Map nationwide epidemic as follows:

The growth trend of the epidemic as follows:

First, data preparation
the whole process of the Internet:

Normal user
opens a browser -> transmission request to a target site -> the received response data -> to render the page.

Crawler
analog Browser -> transmission request to a target site -> the received response data -> extract useful data -> saved to the local / database.

Reptile process:

1. The transmission request (Requests module)

2. The fetch response data (the server returns)

3. parse and extract data (re regular)

4. Save the data

request modules:

HTTP requests are simple-to-use library, the official website address python implementation: http: //cn.python-requests.org/zh_CN/latest/

re module:

python re module is used for string matching module, which provides many of the features are implemented based on regular expressions,

In[ ]
import json
import re
import requests
import datetime

today = datetime.date.today().strftime(’%Y%m%d’) #20200315

crawl_dxy_data DEF ():
"" "
crawling Lilac Park, real-time statistics, to save the data directory to the current date as the file name, save JSON file
" ""
the Response = requests.get ( 'HTTPS: //ncov.dxy. cn / ncovh5 / view / pneumonia ' ) # request.get () request for the target website
print (response.status_code) # print status code

try:
    url_text = response.content.decode()                             #更推荐使用response.content.deocde()的方式获取响应的html页面
    #print(url_text)
    url_content = re.search(r'window.getAreaStat = (.*?)}]}catch',   #re.search():扫描字符串以查找正则表达式模式产生匹配项的第一个位置 ，然后返回相应的match对象。
                            url_text, re.S)                          #在字符串a中，包含换行符\n，在这种情况下：如果不使用re.S参数，则只在每一行内进行匹配，如果一行没有，就换下一行重新开始;
                                                                     #而使用re.S参数以后，正则表达式会将这个字符串作为一个整体，在整体中进行匹配。
    texts = url_content.group()                                      #获取匹配正则表达式的整体结果
    content = texts.replace('window.getAreaStat = ', '').replace('}catch', '') #去除多余的字符
    json_data = json.loads(content)                                         
    with open('data/' + today + '.json', 'w', encoding='UTF-8') as f:
        json.dump(json_data, f, ensure_ascii=False)
except:
    print('<Response [%s]>' % response.status_code)
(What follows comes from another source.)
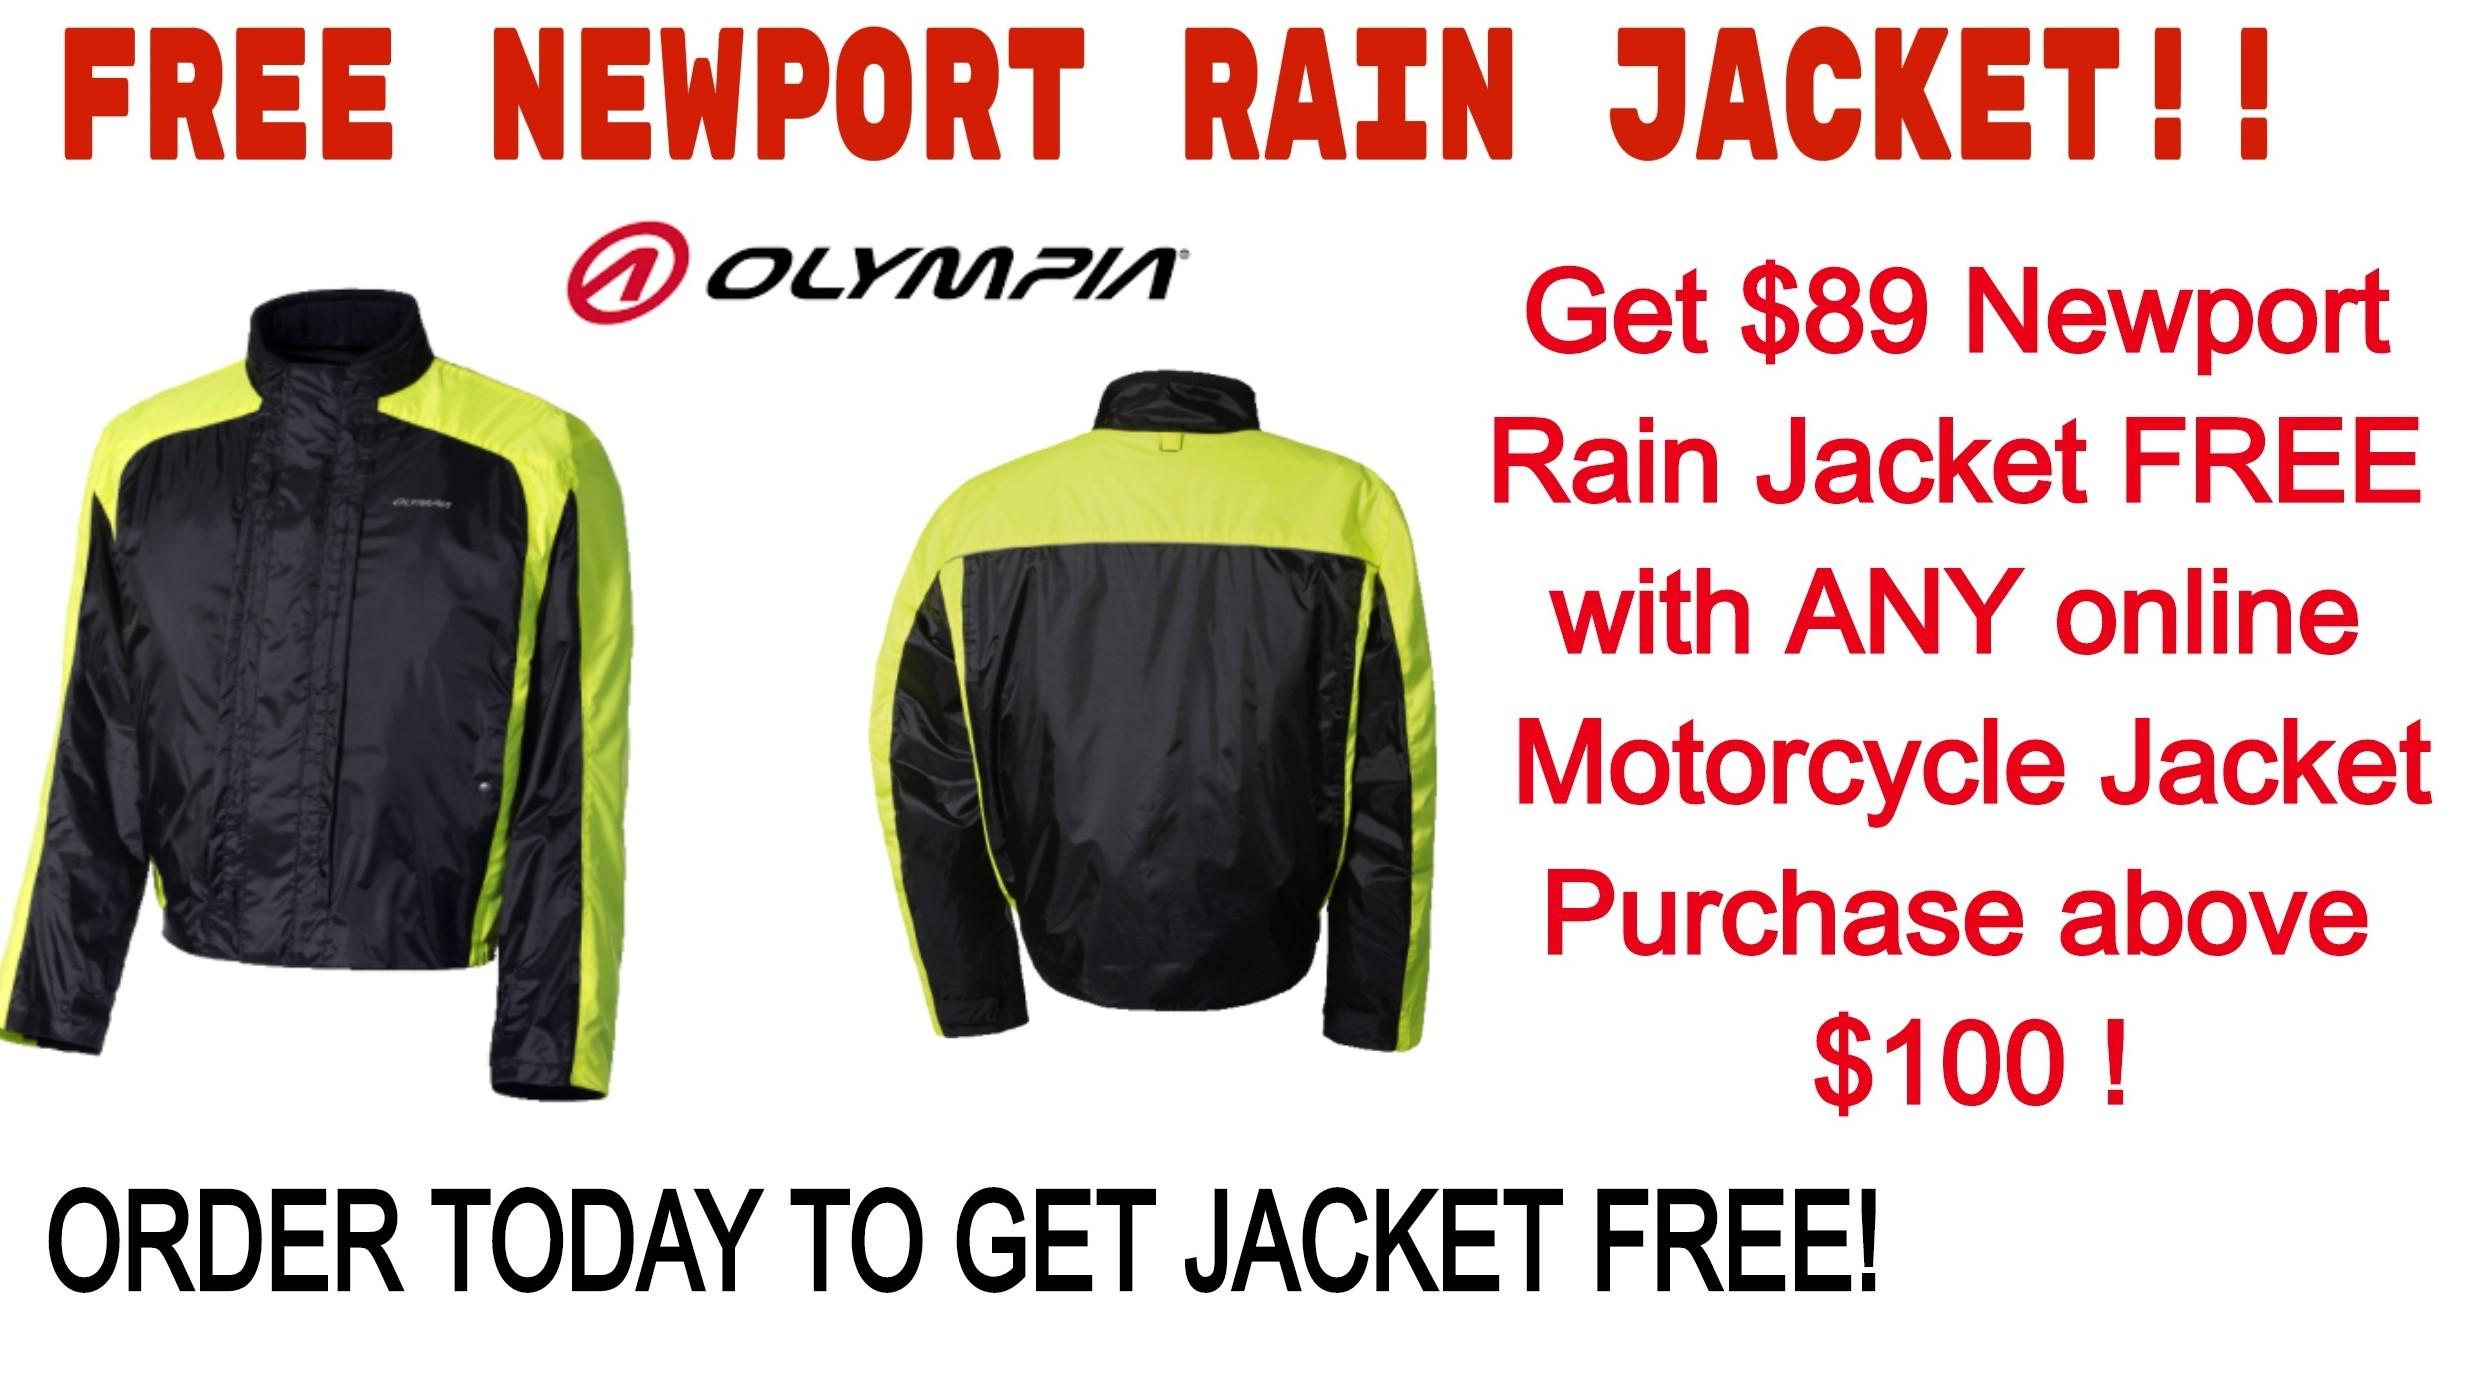 Free Newport Rain Jacket

crawl_statistics_data DEF ():
"" "
Get historical stats provinces, save the data directory, save JSON file
" ""
with Open ( 'data /' + Today + '.json', 'r', encoding = 'UTF -8 ') AS File:
json_array = json.loads (File.read ())

statistics_data = {}
for province in json_array:
    response = requests.get(province['statisticsData'])
    try:
        statistics_data[province['provinceShortName']] = json.loads(response.content.decode())['data']
    except:
        print('<Response [%s]> for url: [%s]' % (response.status_code, province['statisticsData']))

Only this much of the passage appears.